Lacan’s ‘Mirror Stage’ Interpreted By Leonie Barth
- Words
- Brit Seaton
London-based fashion designer Leonie Barth works to create womenswear and accessories. Her collection ‘ICH IST EIN ANDERER’ was designed with human science as inspiration, focusing on Jacques Lacan’s theory of the ‘mirror stage’.
Originally from the German city of Gütersloh, Barth studied at the University of Applied Sciences in Bielefeld, presenting ‘ICH IST EIN ANDERER’ (or ‘I is an other’) as her graduate collection. A series of ten outfits visually interpret Lacan’s ‘mirror stage’ concept, which divides the human psyche into three intertwined orders: the imaginary, the symbolic and the real. Lacan recognized the significance of mirrors in the creation of self-consciousness, and Barth translates his theory into expressions made possible through clothing.
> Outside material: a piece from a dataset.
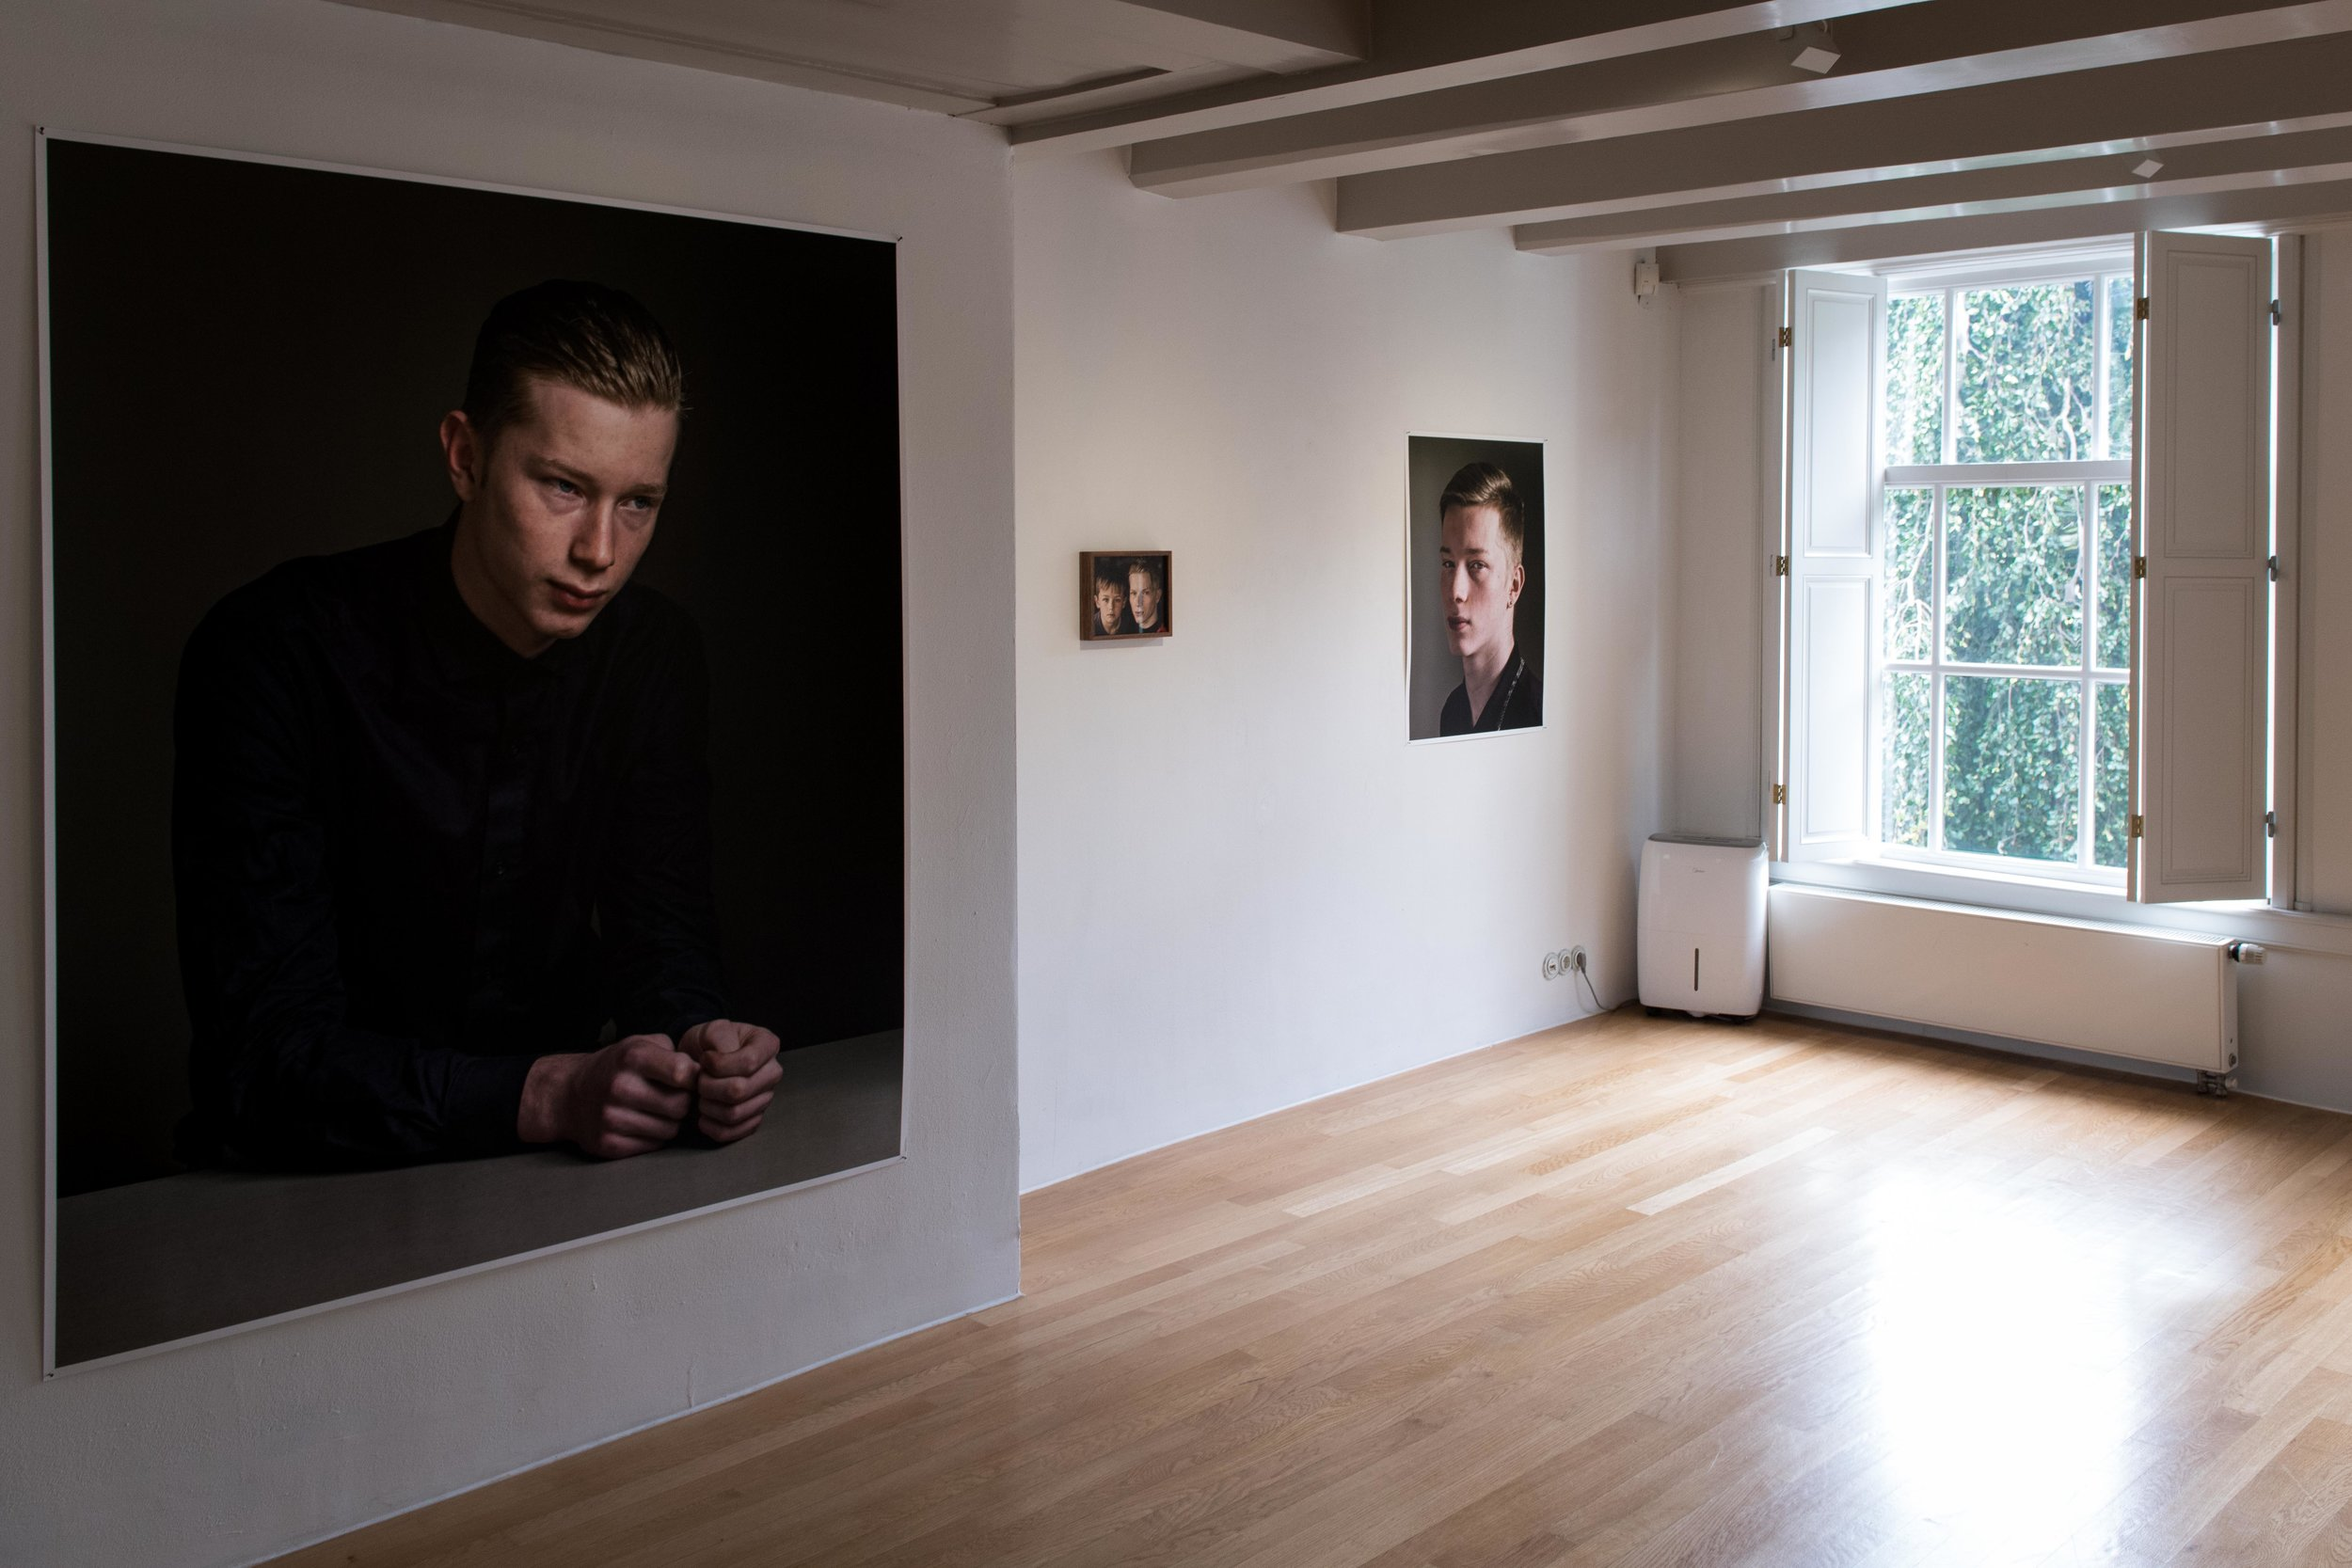 Koos Breukal / Son - A new exhibition at Huis Marseille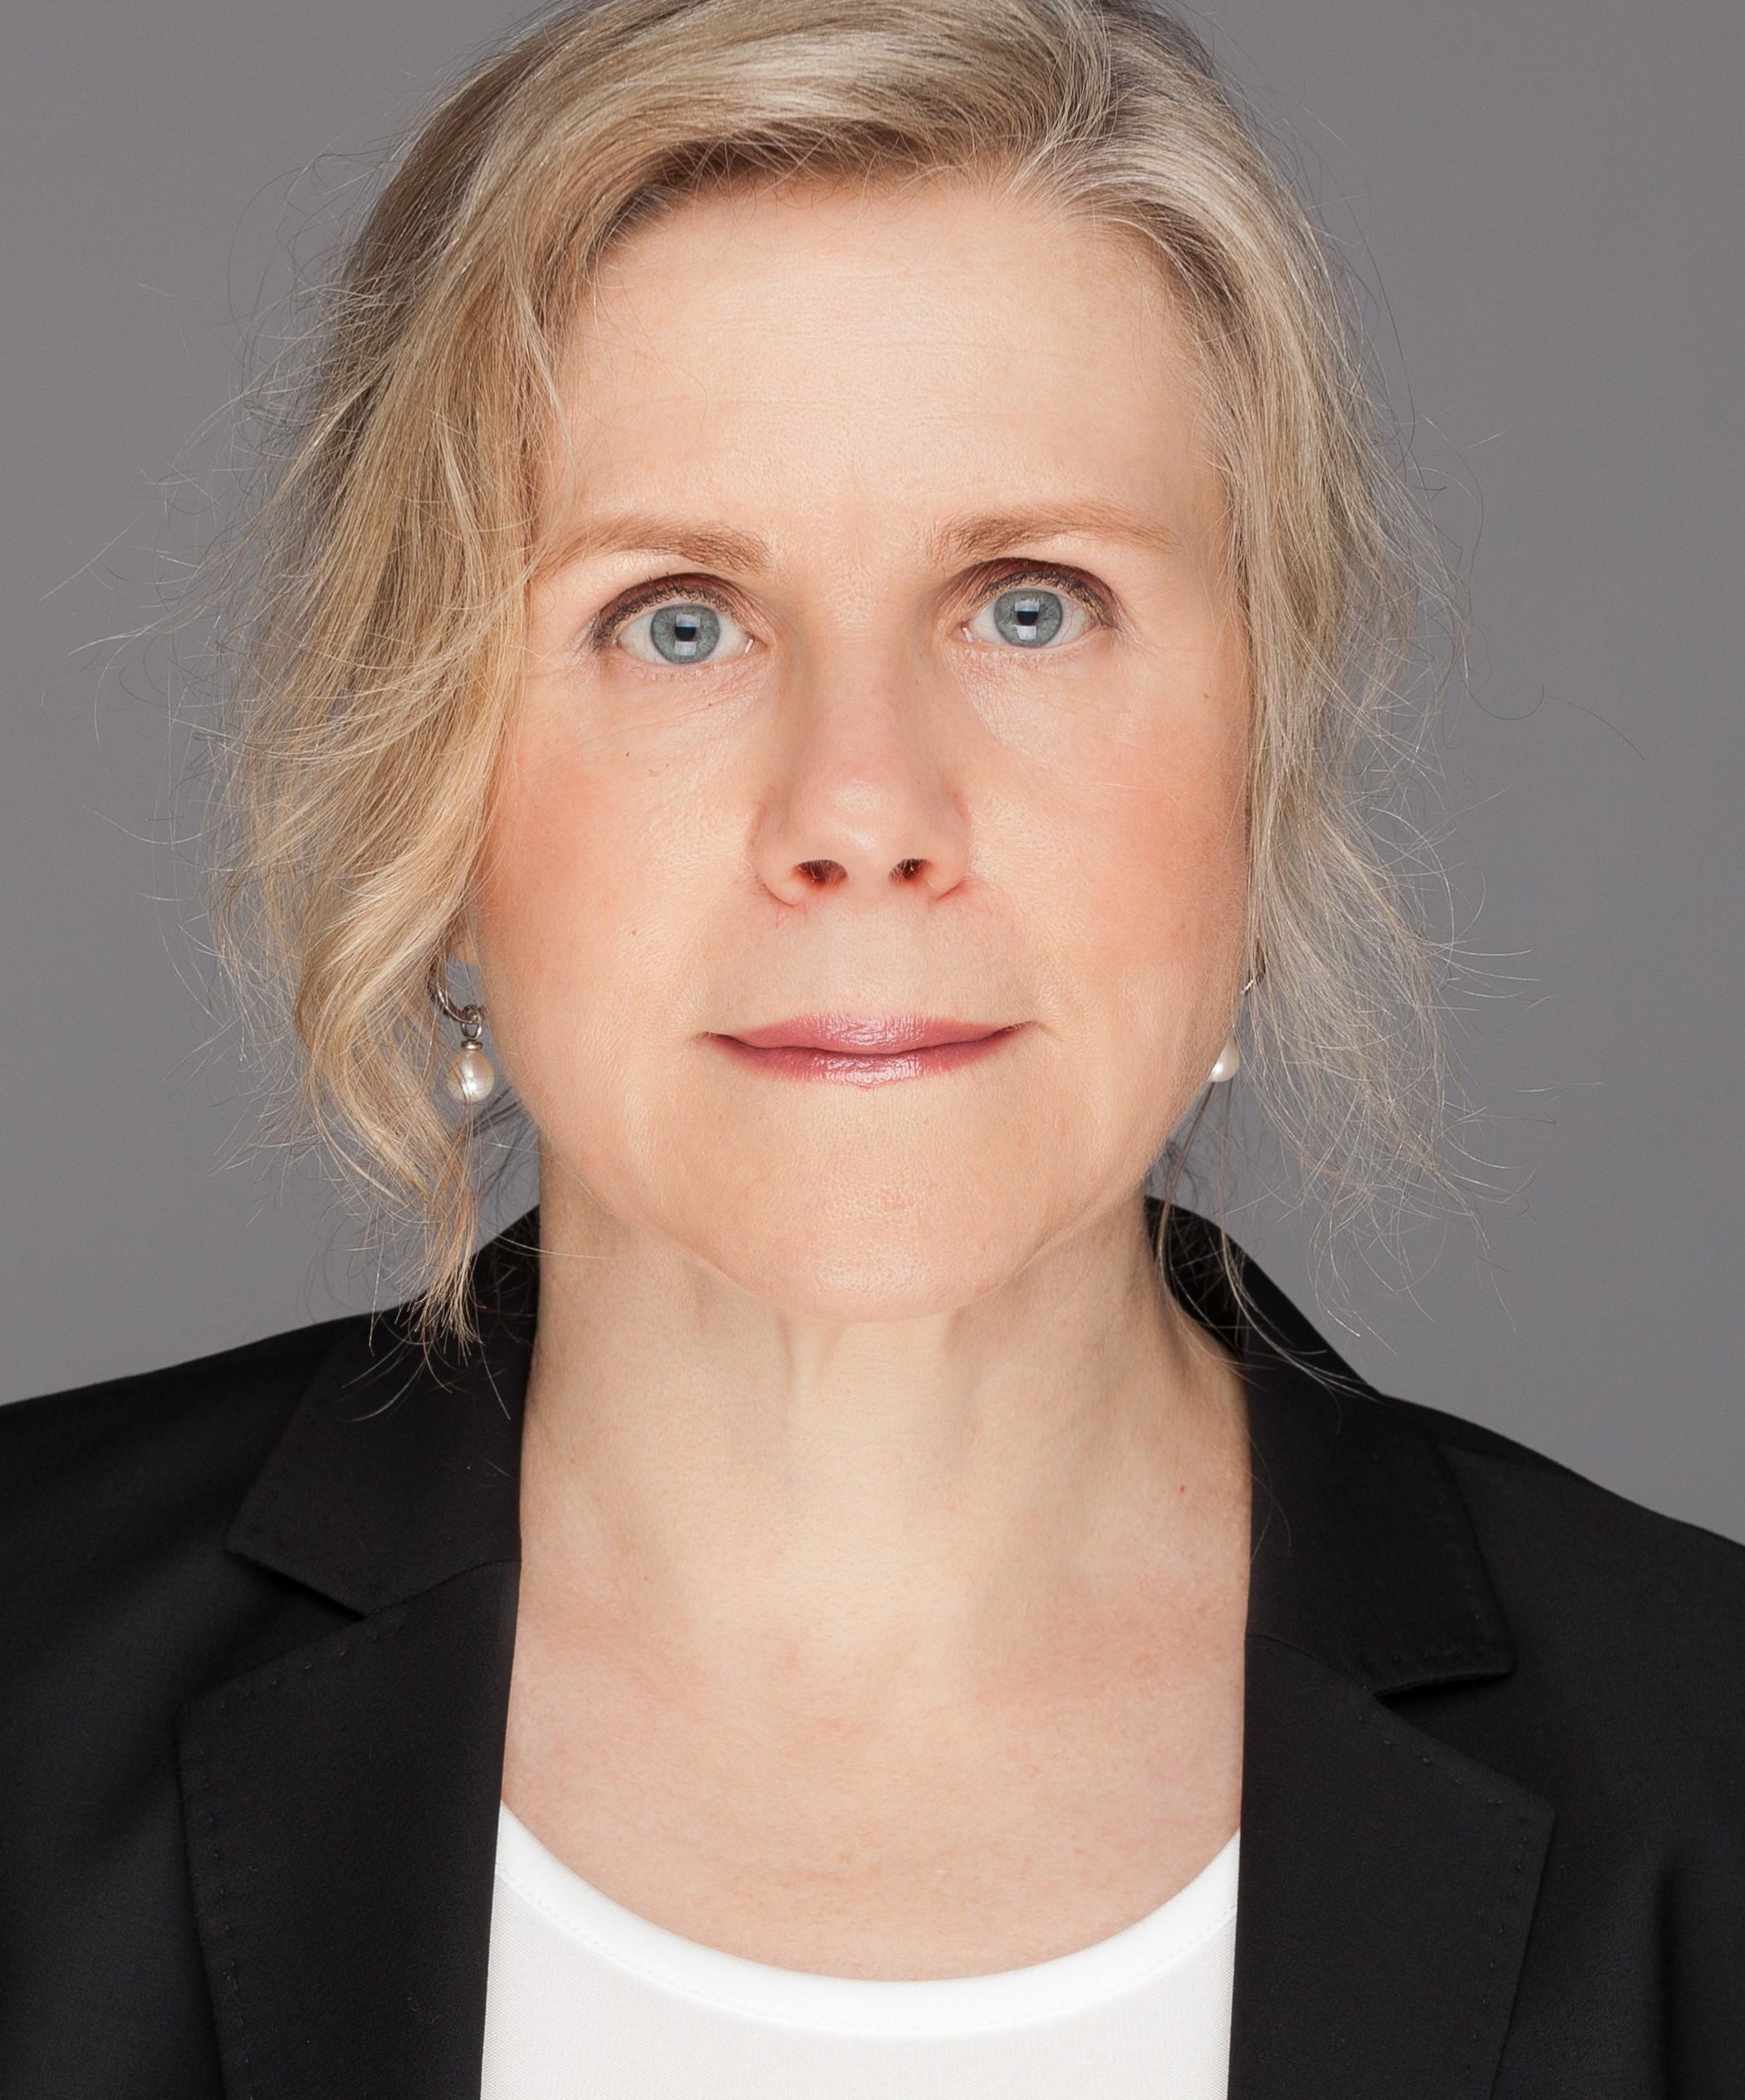 Lisa Ahlstrand

Utilising mirrors in her designs to physically reflect symmetrical illusions of the collection’s ‘halved’ elements, Barth signifies Lacan’s idea that our mirror image completes our identity. The designer also implements color theory to conceptualize the ‘mirror stage’, taking dark bluish violet and lucent yellow, which mixed together present gray–a key color used in the collection to symbolize the polished surface of a mirror. Barth’s use of holographic textiles is also mindful of the Greek root word ‘holos’, meaning ‘whole’: the notion of wholeness and completion is significant to the mirror stage. The designer explains, “Clothes develop through the reflection of their own image. Missing parts are added and existing parts are reflected to create completeness.”